_Assignment_
Omit all images, then repeat exactly the lines below from the one containing "photo_2017-07-29_22-54-03.jpg" through the one containing "Pure Platinum/ Yellow", both ends included.

_Dataset entries_
○ ○ ○

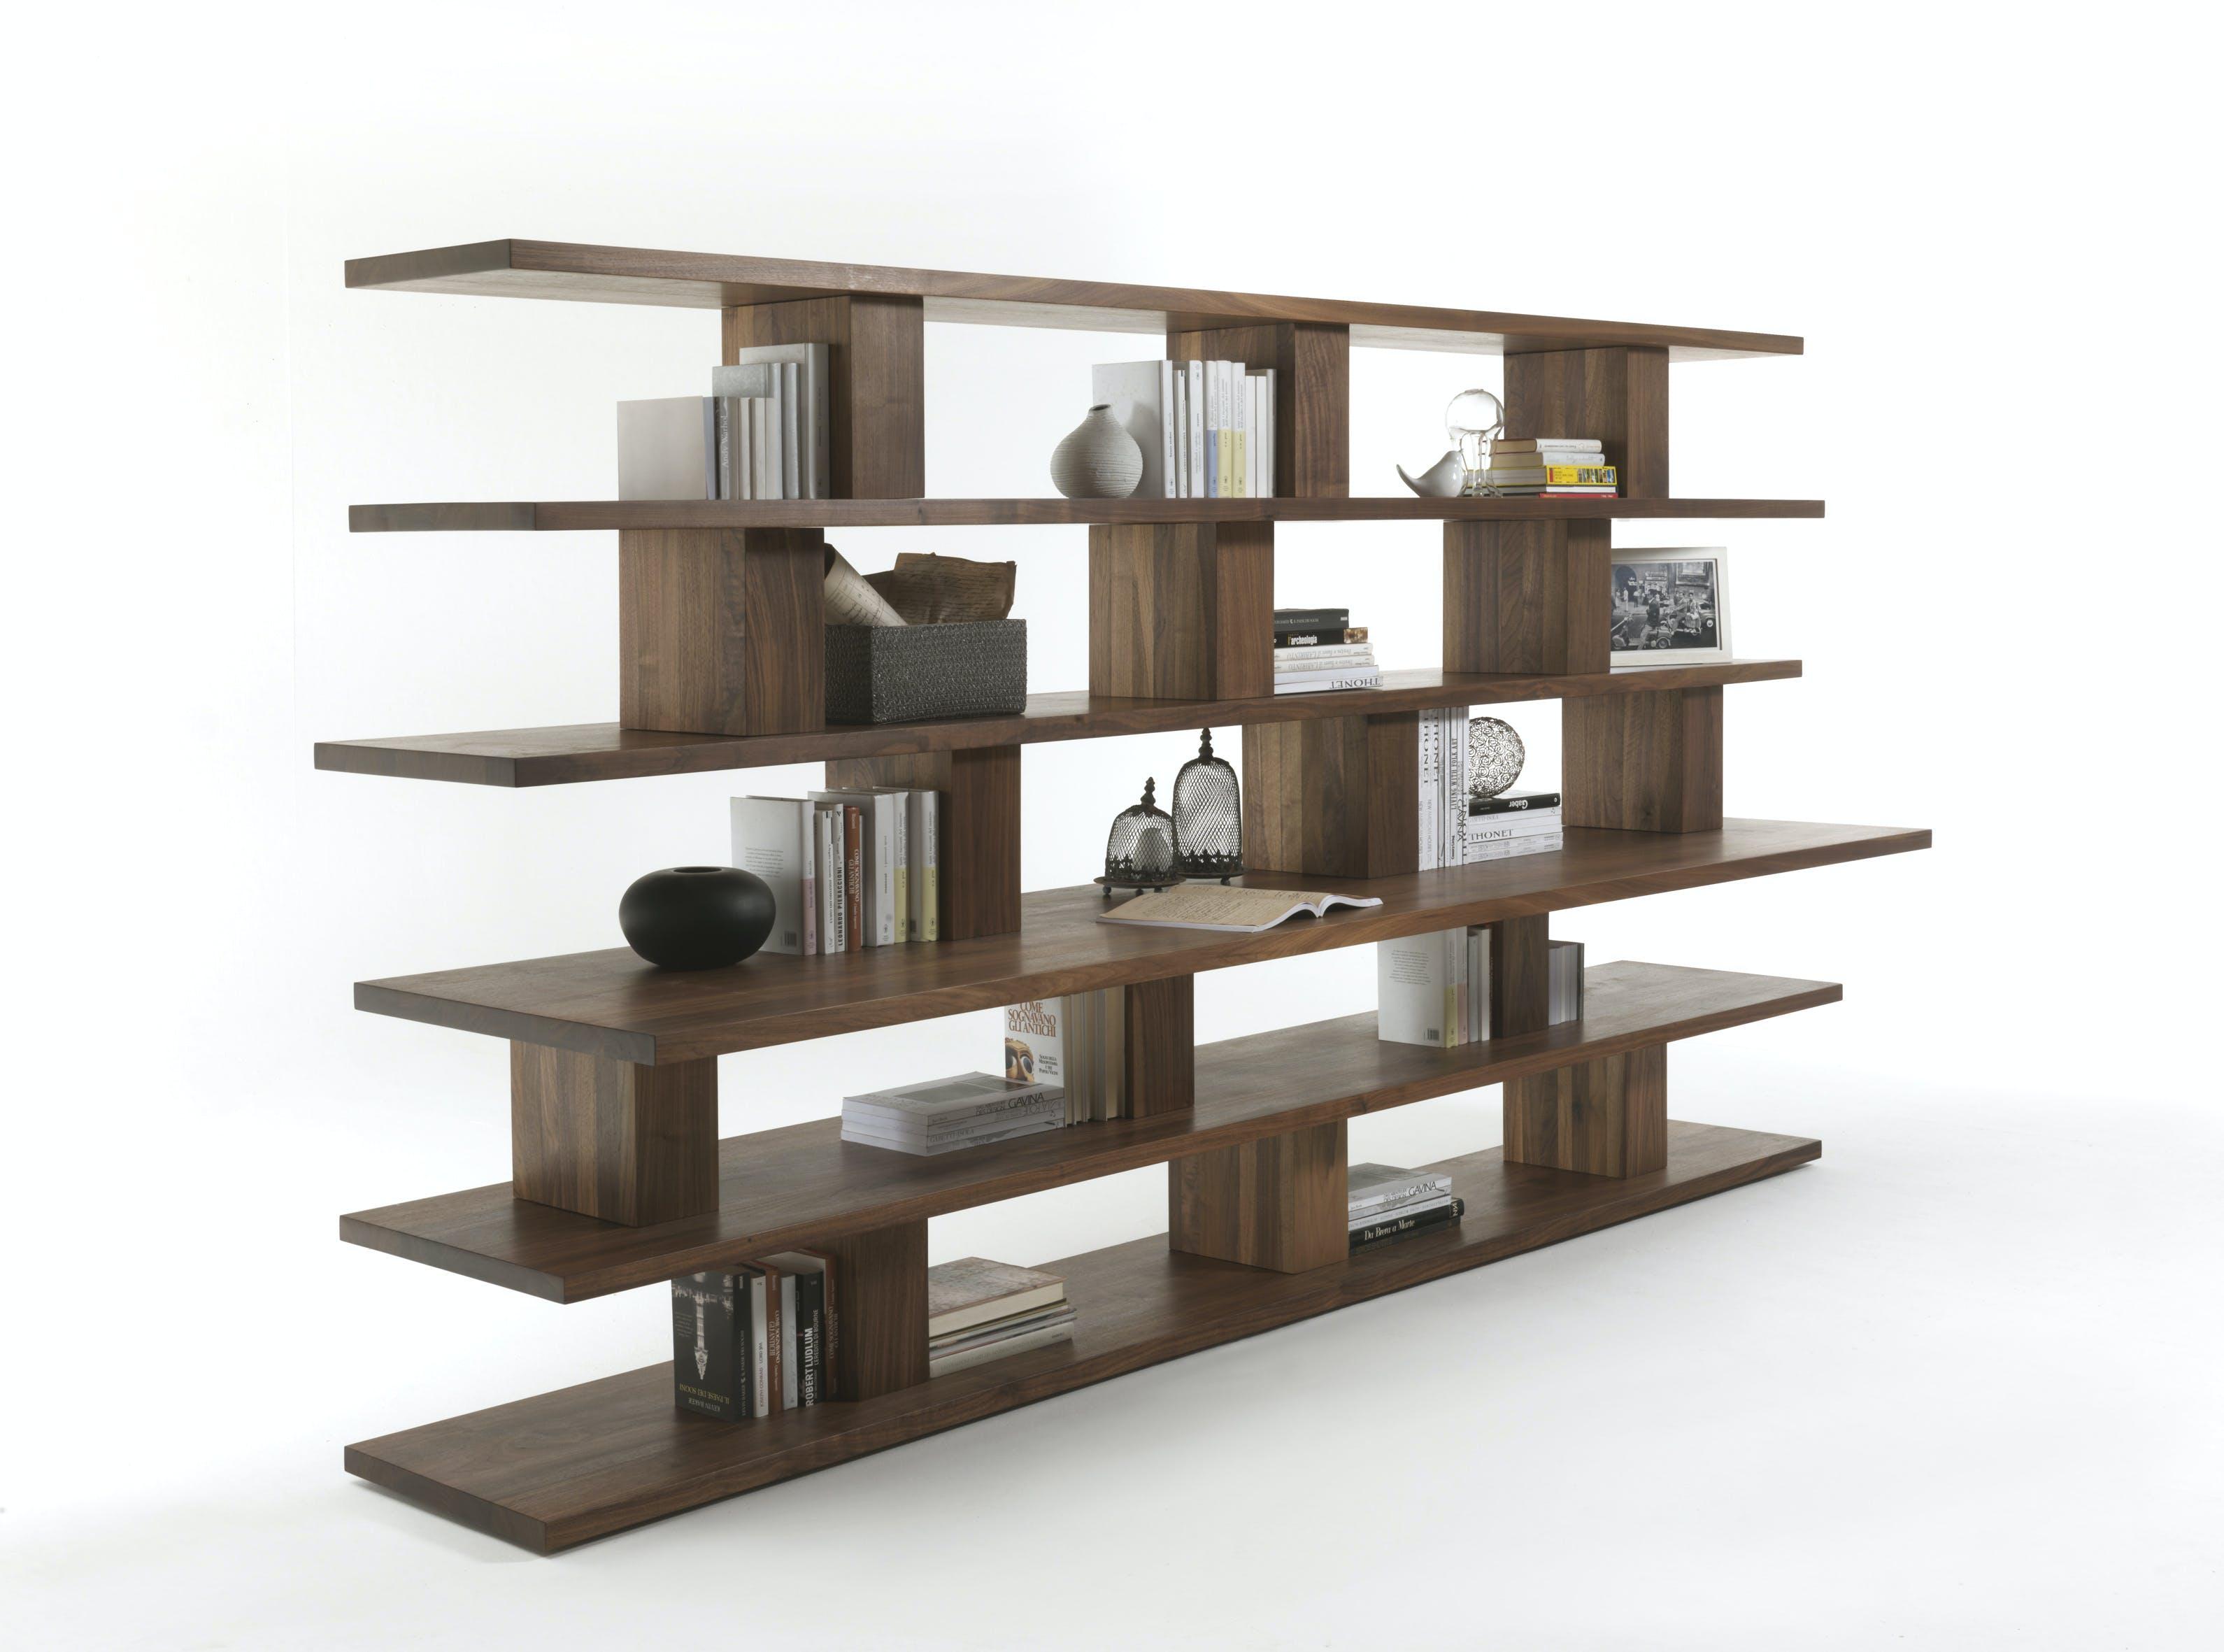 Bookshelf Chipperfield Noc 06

○ ○ ○

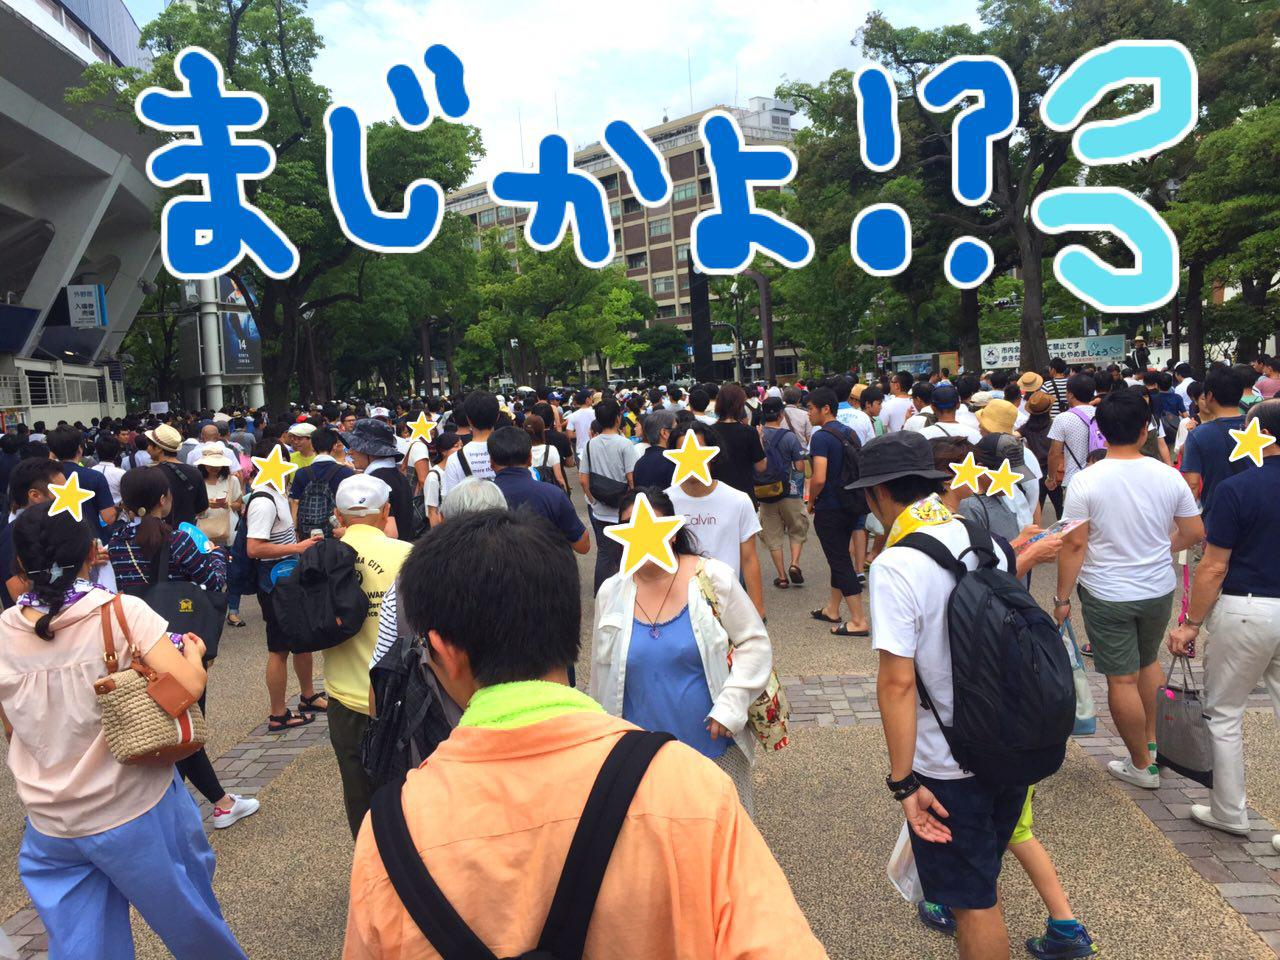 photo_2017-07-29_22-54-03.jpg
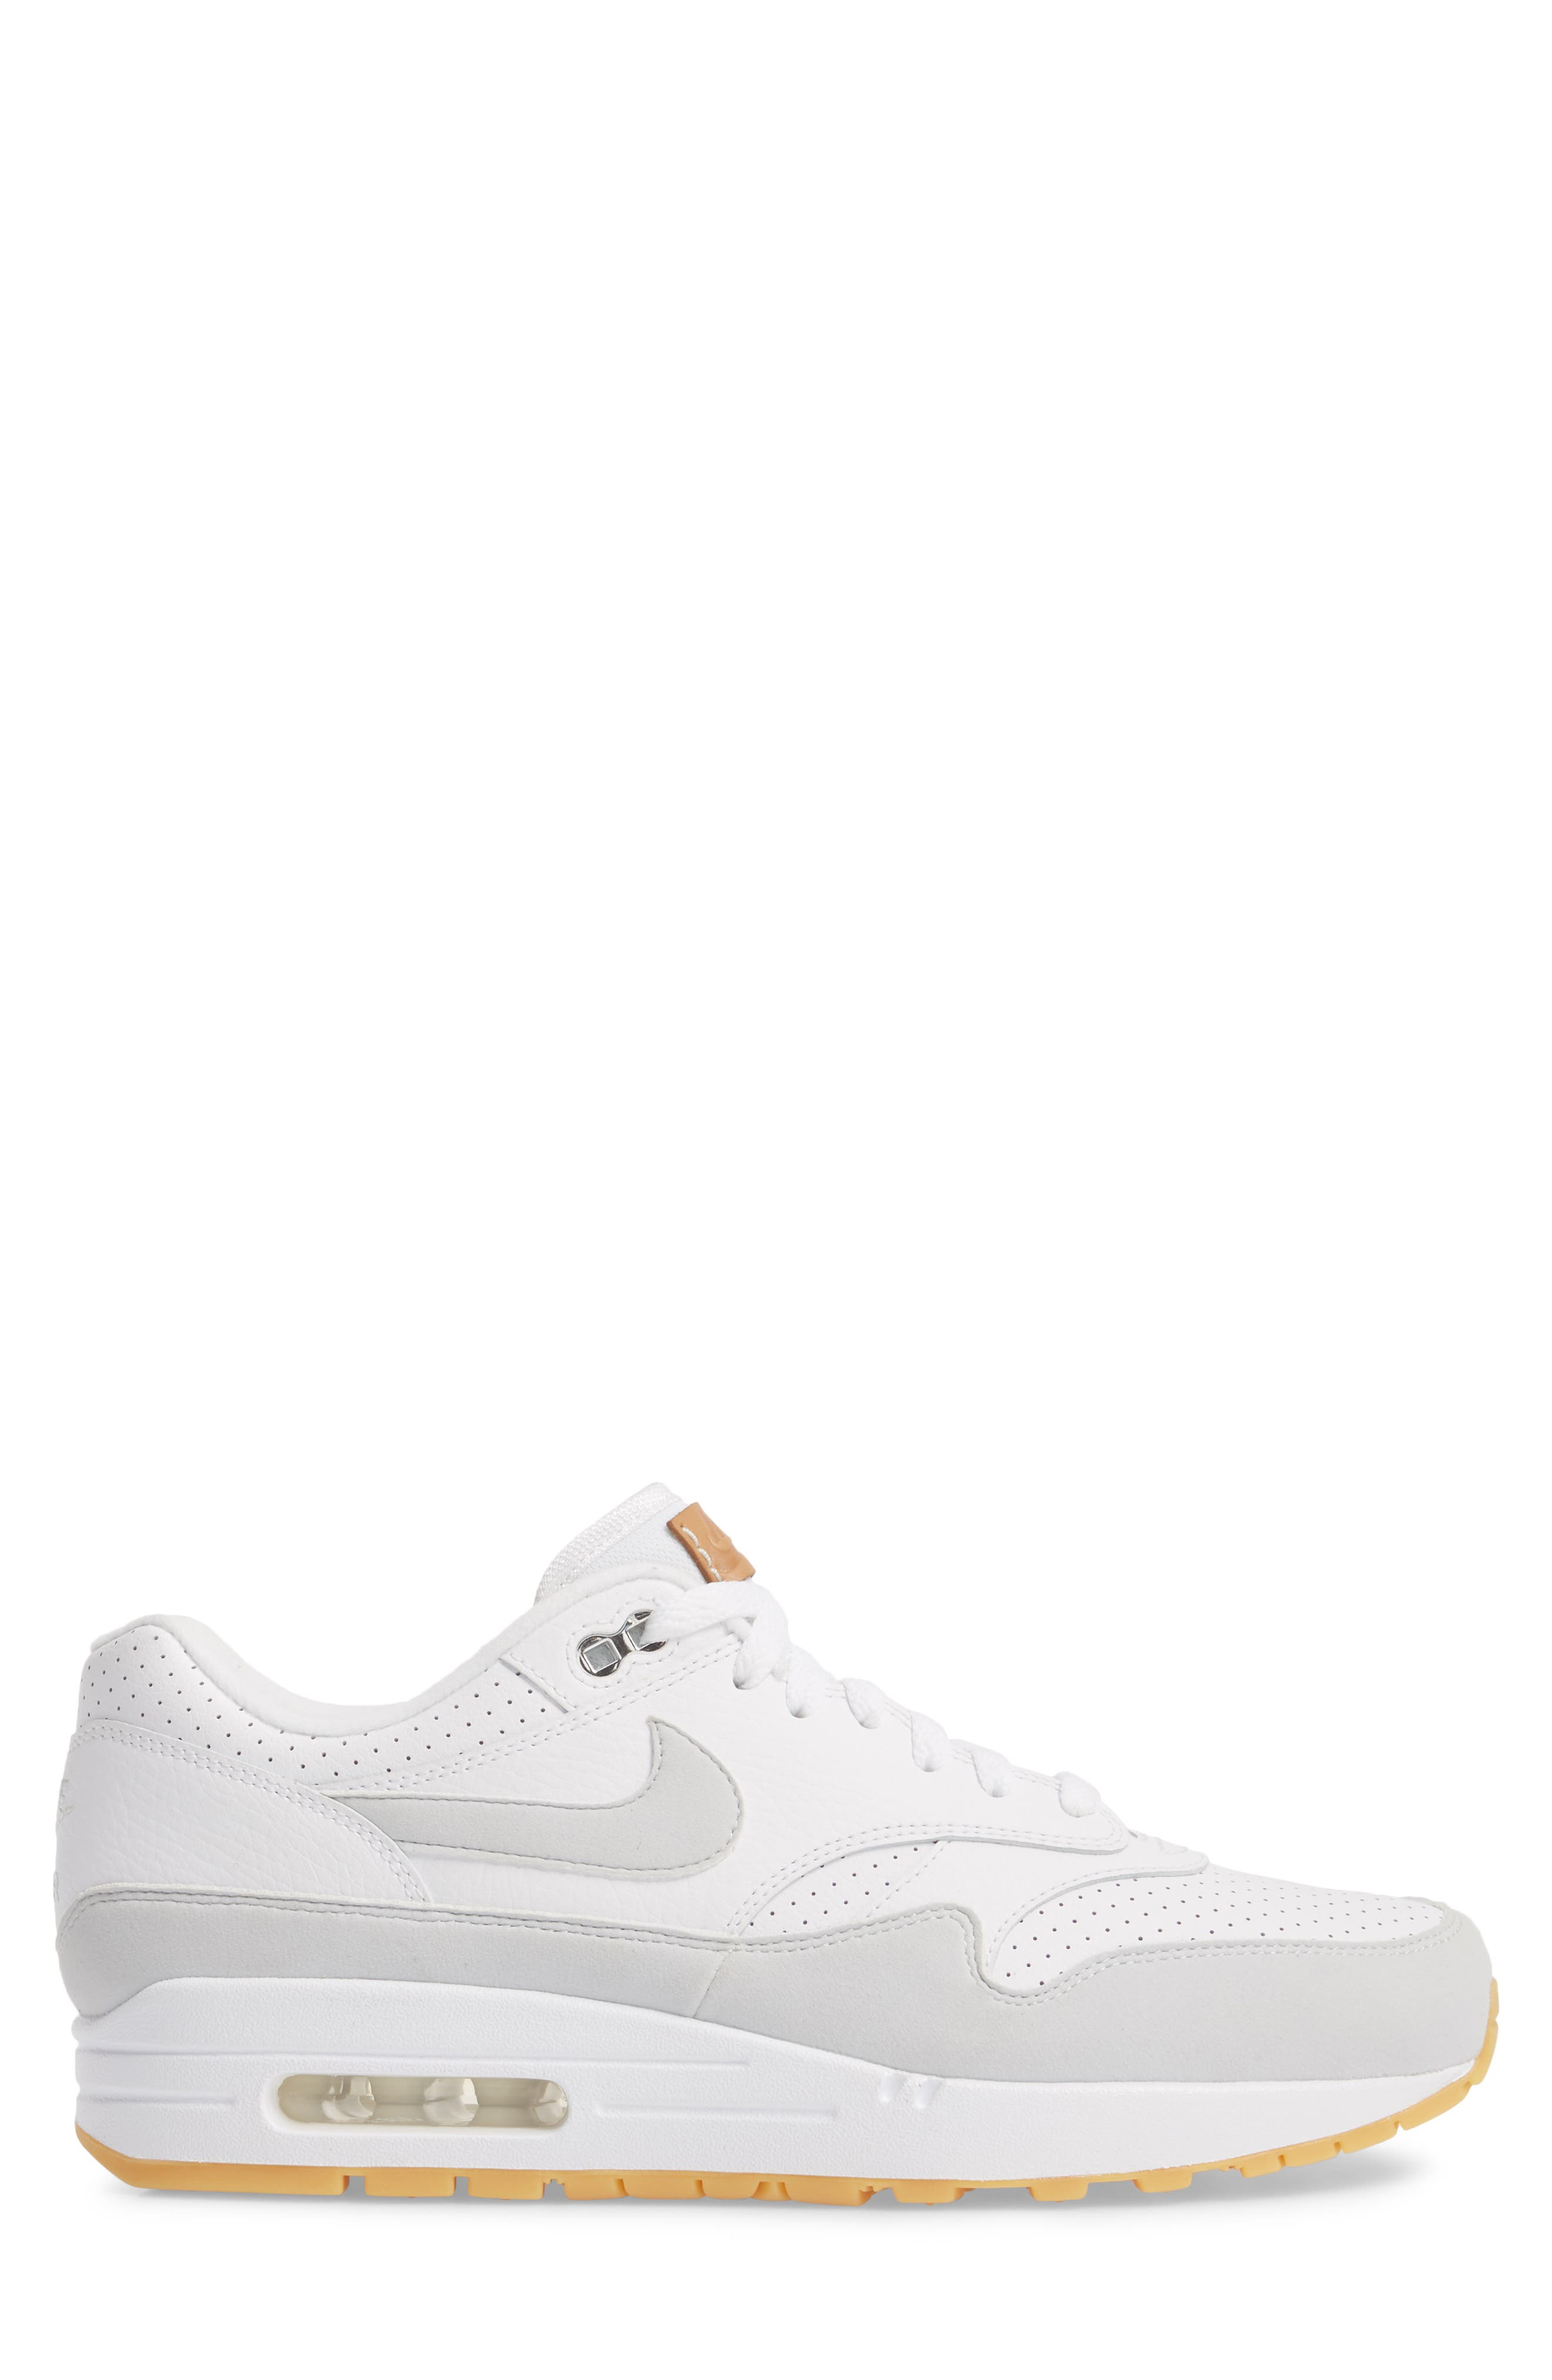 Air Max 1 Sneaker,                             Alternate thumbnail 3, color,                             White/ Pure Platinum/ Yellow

○ ○ ○

_Solution for this task_
 photo_2017-07-29_22-54-03.jpg
 Air Max 1 Sneaker,                             Alternate thumbnail 3, color,                             White/ Pure Platinum/ Yellow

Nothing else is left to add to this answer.